Get in the bin.
Mother’s Day …..here we go….another day under pressure to perform perfection.
The perfect Mother’s Day. Along with all the other days that can get in the bin because it’s more about curating the moments rather than just living them.
So much of our culture today is entrenched in performative hell.
Scroll the platforms today and it looks like every mother in Britain has spent the day dreaming of floating around in a silk dressing gown while someone else gently presents her with brunch and unlimited peace, whilst also being presented with the perfect representation of Mother’s Day.
Meanwhile in the real world there are women cracking on, still shouting at their poppets of joy, still loading the dishwasher, answering work messages, locating lost football boots and wondering why they are the only one who knows where the spare batteries live.
Life has become something we perform. It’s utterly bonkers loo la.
We perform success.
We perform motherhood.
We perform leadership.
We even perform blinking rest and recovery.
Even relaxation has become a moment to document.
Performing life and living it are two completely different things. One is theatre. The other is presence.
And the same distinction exists in work as well.
There is high performance. And there is performing leadership.
High performance is intentional. It is the individual who knows what matters and directs their energy there, who notices, observes, shares, understands, flexes. Not claims.
Performing leadership is often loud. It is busyness, over proving, carrying everything and calling it strength.
One builds momentum. The other builds exhaustion.
The pressure to perform everything is everywhere now. Cracking on, on purpose, is something different entirely.
It is choosing what actually matters to you.
It is making decisions from clarity rather than comparison.

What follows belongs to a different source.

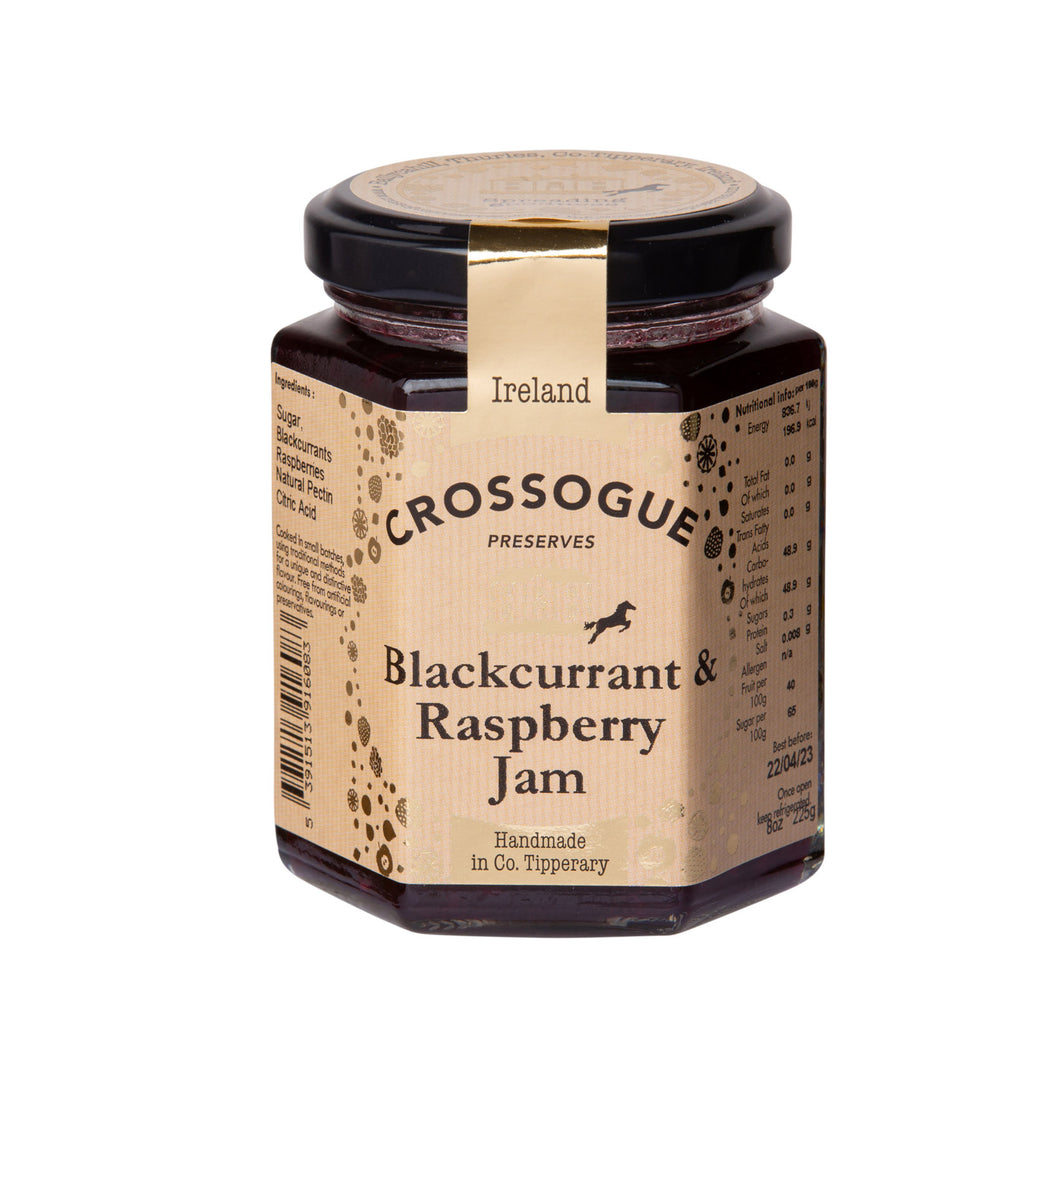 Blackcurrant & Raspberry Jam

It is living a life that feels good, not one that photographs well. It’s spending today shouting at your 23yo to fold the washing and then shampooing the carpet because when the 20yo brought me a brew in bed, he dripped it all the way up the stairs and throughout the bedroom carpet with more droplets of coffee than Hansel and Gretel had bread crumbs. It’s sitting there in all the glorious chaos and knowing it’s still me that has to walk the daft dog.
Sometimes (I imagine) that looks like a beautifully calm Mother’s Day brunch.
And sometimes it looks like your kidults taking you out for tea knowing I will also be paying for said tea when the kidults look at their bank account balances of doom. It’s about embracing the reality in all its duality.
Both count.
Because the goal was never the performance. The goal was the life.